The route also gets added on EC2, although due to networking differences between openstack and EC2, it does not actually break the metadata gathering there. Regardless, this means that the networking behaviour changed and it breaks on clouds that aren't setup for these routes.
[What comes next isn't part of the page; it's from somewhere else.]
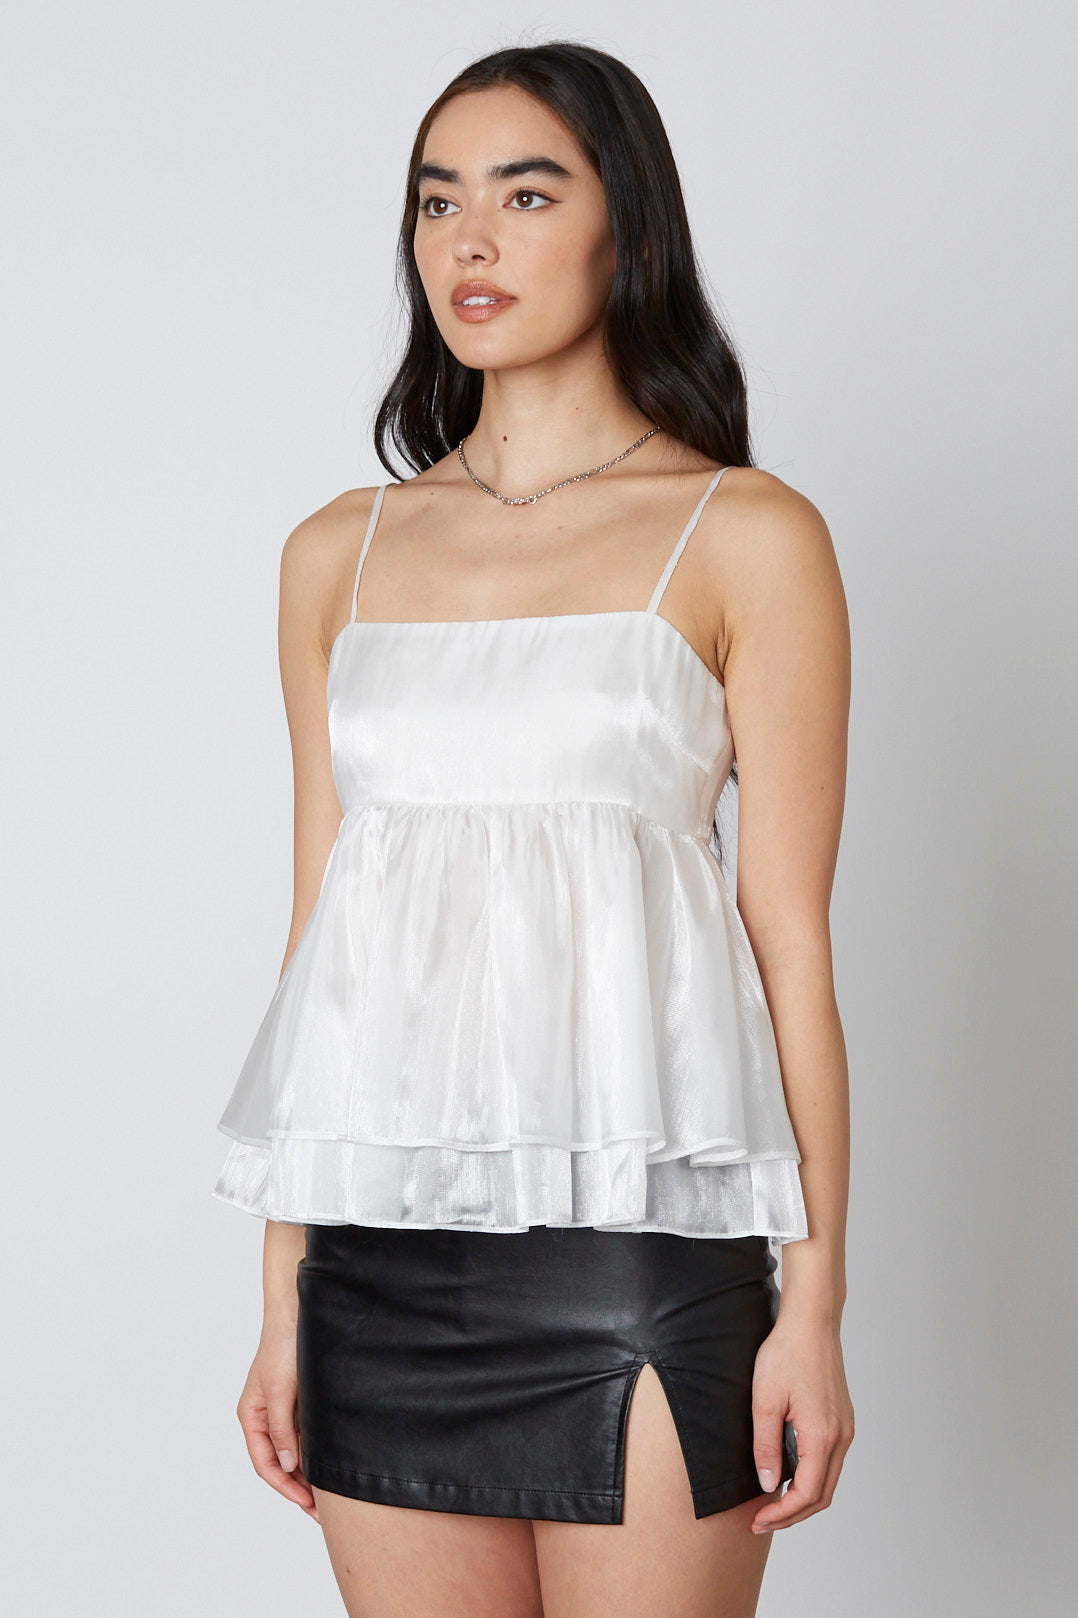 Organza Babydoll Top in White Side

Cloud image from Fedora-28-20180321.n.0: Mar 21 22:52:14 ip-172-30-2-30.ec2.internal cloud-init[957]: ci-info: ++++++++++++++++++++++++++++Route IPv4 info+++++++++++++++++++++++++++++ Mar 21 22:52:14 ip-172-30-2-30.ec2.internal cloud-init[957]: ci-info: +-------+-------------+------------+---------------+-----------+-------+ Mar 21 22:52:14 ip-172-30-2-30.ec2.internal cloud-init[957]: ci-info: | Route | Destination | Gateway | Genmask | Interface | Flags | Mar 21 22:52:14 ip-172-30-2-30.ec2.internal cloud-init[957]: ci-info: +-------+-------------+------------+---------------+-----------+-------+ Mar 21 22:52:14 ip-172-30-2-30.ec2.internal cloud-init[957]: ci-info: | 0 | 0.0.0.0 | 172.30.2.1 | 0.0.0.0 | eth0 | UG | Mar 21 22:52:14 ip-172-30-2-30.ec2.internal cloud-init[957]: ci-info: | 1 | 169.254.0.0 | 0.0.0.0 | 255.255.0.0 | eth0 | U | Mar 21 22:52:14 ip-172-30-2-30.ec2.internal cloud-init[957]: ci-info: | 2 | 172.30.2.0 | 0.0.0.0 | 255.255.255.0 | eth0 | U | Mar 21 22:52:14 ip-172-30-2-30.ec2.internal cloud-init[957]: ci-info: +-------+-------------+------------+---------------+-----------+-------+ Current live Fedora 27 cloud image: Mar 21 22:56:42 ip-172-30-2-41.ec2.internal cloud-init[825]: ci-info: ++++++++++++++++++++++++++++Route IPv4 info+++++++++++++++++++++++++++++ Mar 21 22:56:42 ip-172-30-2-41.ec2.internal cloud-init[825]: ci-info: +-------+-------------+------------+---------------+-----------+-------+ Mar 21 22:56:42 ip-172-30-2-41.ec2.internal cloud-init[825]: ci-info: | Route | Destination | Gateway | Genmask | Interface | Flags | Mar 21 22:56:42 ip-172-30-2-41.ec2.internal cloud-init[825]: ci-info: +-------+-------------+------------+---------------+-----------+-------+ Mar 21 22:56:42 ip-172-30-2-41.ec2.internal cloud-init[825]: ci-info: | 0 | 0.0.0.0 | 172.30.2.1 | 0.0.0.0 | eth0 | UG | Mar 21 22:56:42 ip-172-30-2-41.ec2.internal cloud-init[825]: ci-info: | 1 | 172.30.2.0 | 0.0.0.0 | 255.255.255.0 | eth0 | U | Mar 21 22:56:42 ip-172-30-2-41.ec2.internal cloud-init[825]: ci-info: +-------+-------------+------------+---------------+-----------+-------+
So, after some debug images and poking around I am pretty sure the bug is this: - cloud-init overwrites our /etc/sysconfig/network file with: # Created by cloud-init on instance boot automatically, do not edit. # NETWORKING=yes - This means that 2 lines we add in the kickstart are gone: NOZEROCONF=yes DEVTIMEOUT=10 - network starts, NOZEROCONF is not set so (in ifup-eth you can see): # Add Zeroconf route. if [ -z "${NOZEROCONF}" -a "${ISALIAS}" = "no" -a "${REALDEVICE}" != "lo" ]; then ip route add 169.254.0.0/16 dev ${REALDEVICE} metric $((1000 + $(cat /sys/class/net/${REALDEVICE}/ifindex))) scope link fi - Now the metadata route is hosed.
So, how are we gonna fix it?
cloud-init-17.1-3.fc28 has been submitted as an update to Fedora 28. https://bodhi.fedoraproject.org/updates/FEDORA-2018-86137b2be8
The fix for this was pulled into the Beta-1.1 (Beta RC1) compose. Can anyone confirm the fix in the Cloud images from that compose? Thanks.
cloud-init-17.1-4.fc28 has been pushed to the Fedora 28 testing repository. If problems still persist, please make note of it in this bug report. See https://fedoraproject.org/wiki/QA:Updates_Testing for instructions on how to install test updates. You can provide feedback for this update here: https://bodhi.fedoraproject.org/updates/FEDORA-2018-86137b2be8
I tested: http://dl.fedoraproject.org/pub/alt/stage/28_Beta-1.1/Cloud/x86_64/images/Fedora-Cloud-Base-28_Beta-1.1.x86_64.qcow2 and http://dl.fedoraproject.org/pub/alt/stage/28_Beta-1.1/Cloud/ppc64le/images/Fedora-Cloud-Base-28_Beta-1.1.ppc64le.qcow2 and they boot fine and I can login to them. So, fix works here as far as I can tell.
Tested with Fedora-Cloud-Base-28_Beta-1.1.x86_64 on EC2 and locally with testcloud, boot and login work OK!
cloud-init-17.1-4.fc28 has been pushed to the Fedora 28 stable repository. If problems still persist, please make note of it in this bug report.